My complaint is that I want the compiler to be "strict" because since I'm still learning C, I don't want the code to run if normally it shouldn't.
So, is there any way to prevent Dev-C++ from 'correcting my mistakes' when it comes to includes, ie making it more kinda "strict" ?
C90 had a feature (absent of C99 and C++) called implicit function declaration: when you used a name not declared yet in a function call, the compiler behaved as if
extern int identifier();
had been seen. That feature has been dropped from C99 and most compilers had option to warn about this even before C99 was promulgated.

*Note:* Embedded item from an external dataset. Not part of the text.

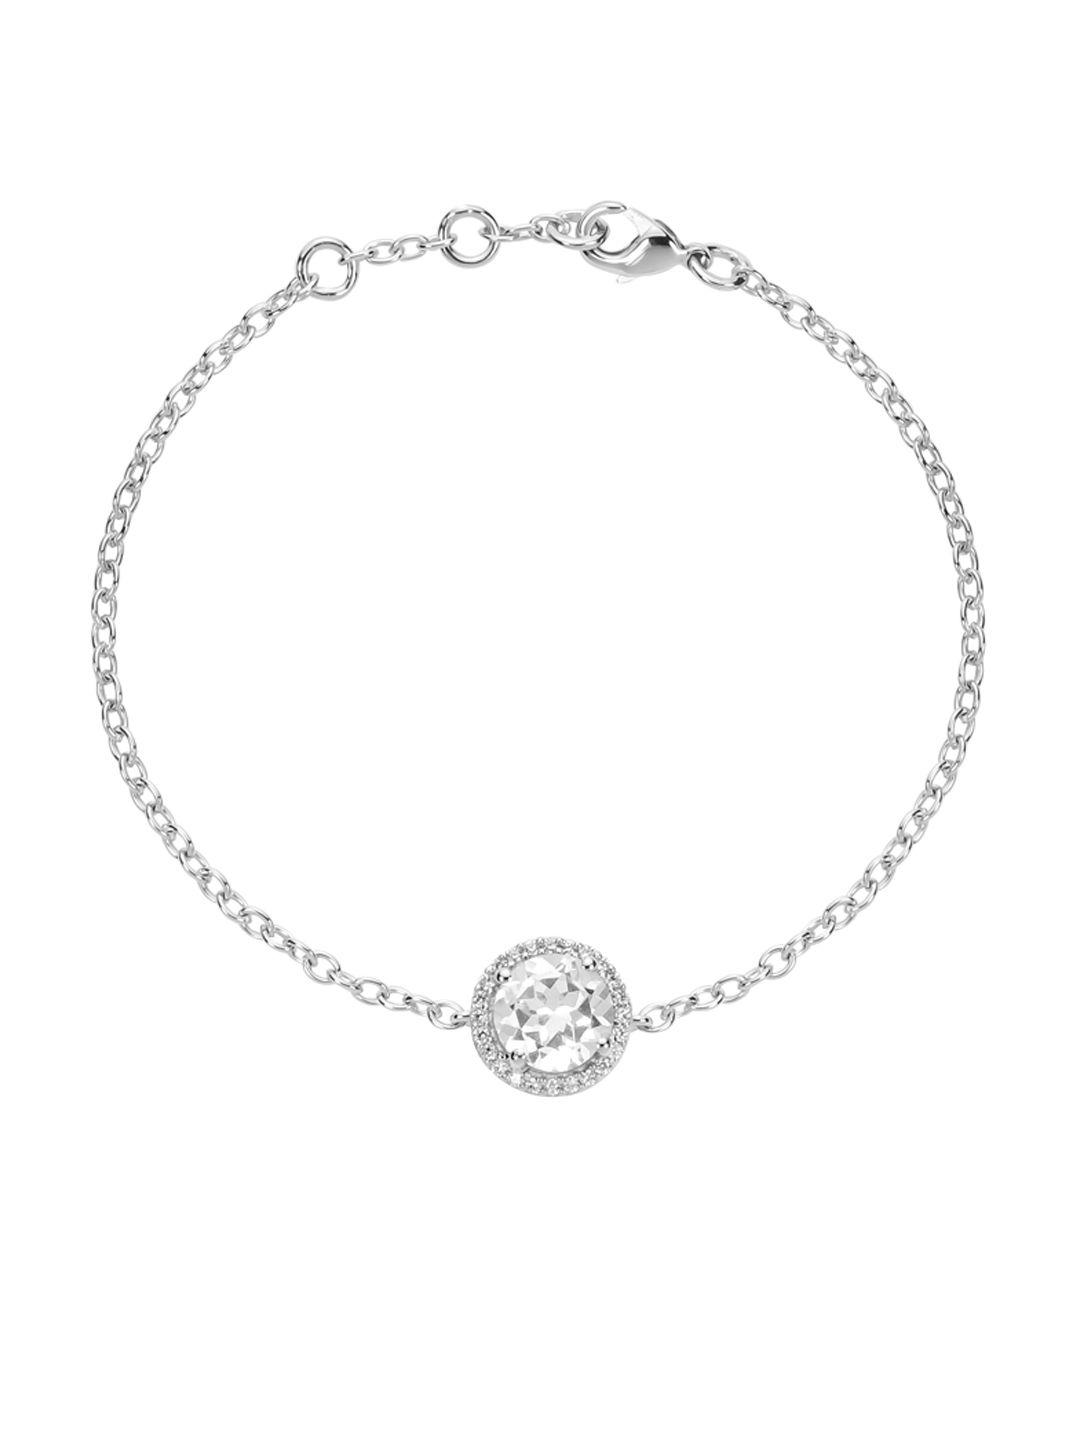 la soula 925 sterling silver sapphire april birthstone bracelet rakhi

Even when staying in C90, it is not recommended style to use this. If you have to maintain code making use of this and can't add prototypes, check that:
the functions returns an int (it is the case for printf but the validity is implementation dependent for strlen which returns a size_t which can be int or something else)
the function isn't variadic (it is the case for strlen but not printf)
the type of the arguments is not modified by default argument promotions (char, short, float are) and you must pay attention to cast pointers to void* when needed when the expected type is void*, you have to pay attention to cast NULL to the correct pointer type. (These are the same things you have to pay attention for variadic arguments BTW).
If those conditions aren't met -- and they aren't for any calls in your code -- you enter in the realm of undefined behavior.
I don't know if this actually is a DevC++ issue, but in any case you should consider ditching it. It is no longer being developed and is very buggy. I recommend changing to Code::Blocks, which is better in every way and alows you to use the very latest GCC compiler.
One of the possibilities for 'undefined behaviour' - which you get if you call a variadic function without a visible prototype - is that your code compiles and runs successfully.
If you're using gcc as the underlying compiler then you should be able to pass flags such as -std=c89 -pedantic -Wall -Wextra and get warnings about code such as the snippet that you've posted.